He brings God’s eternal presence to His people because He Himself comes to them as “mighty God.” (Isaiah 9.6) In Solomon’s day, the presence of God dwells in the temple with the people. In the coming of the Lord Jesus, God’s presence comes to us as God the Son takes on humanity Himself. In eternity, the Lord Himself dwells with His people and there is “no need of sun or moon to shine on it, for the glory of God gives light, and its lamp is the Lamb.” (Rev. 21.23) In John 2.19, when the Pharisees challenged Jesus, He told them “tear down this temple, and in three days I will raise it up!” Jesus calls his own body the temple. Jesus is saying that God’s presence is among them in His Person. Jesus is the fulfillment of the promise of God’s presence through His “house” because in His virgin birth, He comes to us as God in the flesh. “And the Word became flesh and dwelt among us, and we have seen His glory, glory as of the only Son from the Father, full of grace and truth.” (John 2.14)


David’s eternal throne is taken hold of by Jesus because He is the One who came from David’s line to rule the nations. He is the “shoot from the stump of Jesse,” who reigns filled with the Spirit of God. (Isaiah 11.1) He is the “child born to us” upon whose shoulder the government of all the universe rests. (Isaiah 9.6) The reign of kings prior to him ended through death and judgement. His reign never ends because having died once, bearing the curse of God for His people, He has been raised to incorruptible life forever to reign over all things. 2 Timothy 2.8 says “Remember Jesus Christ, risen from the dead, the offspring of David..” Paul wants to emphasize in this text that Christ’s right to reign forever comes through His status as David’s greater Son who is also David’s “Lord.” (Psalm 110) His ability to reign forever comes through the reality of His treading death under His feet and rising from the grave.

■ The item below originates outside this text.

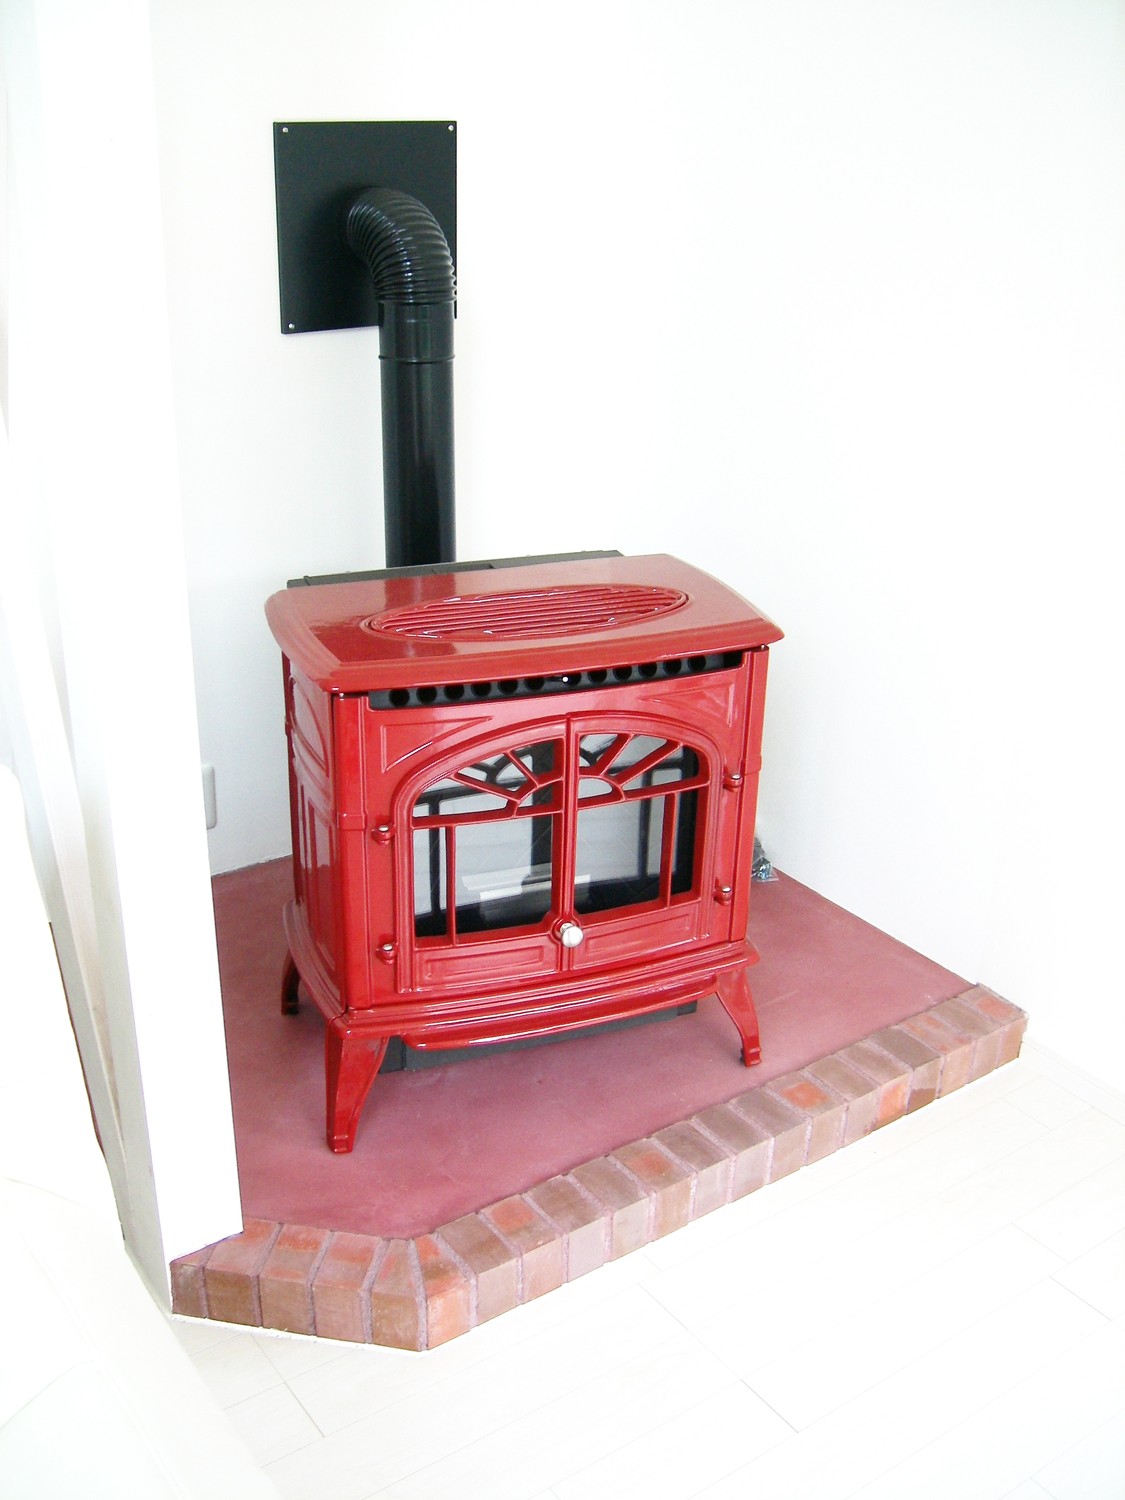 赤と白で揃えたいという施主様の要望で、暖炉も赤色です。

The purpose of these devotions, walking through themes from the Old and New Testaments in relation to the advent of the Lord Jesus Christ, is to do exactly what Paul urged his readers to do. “Remember Jesus Christ.” Know Him as all the promises of God find their fulfillment in Him. Meditate deeply on His Person and Work. Worship Him in Spirit and truth. Glory in Christ Jesus. Delight in Him. He is the only One worth our greatest adoration.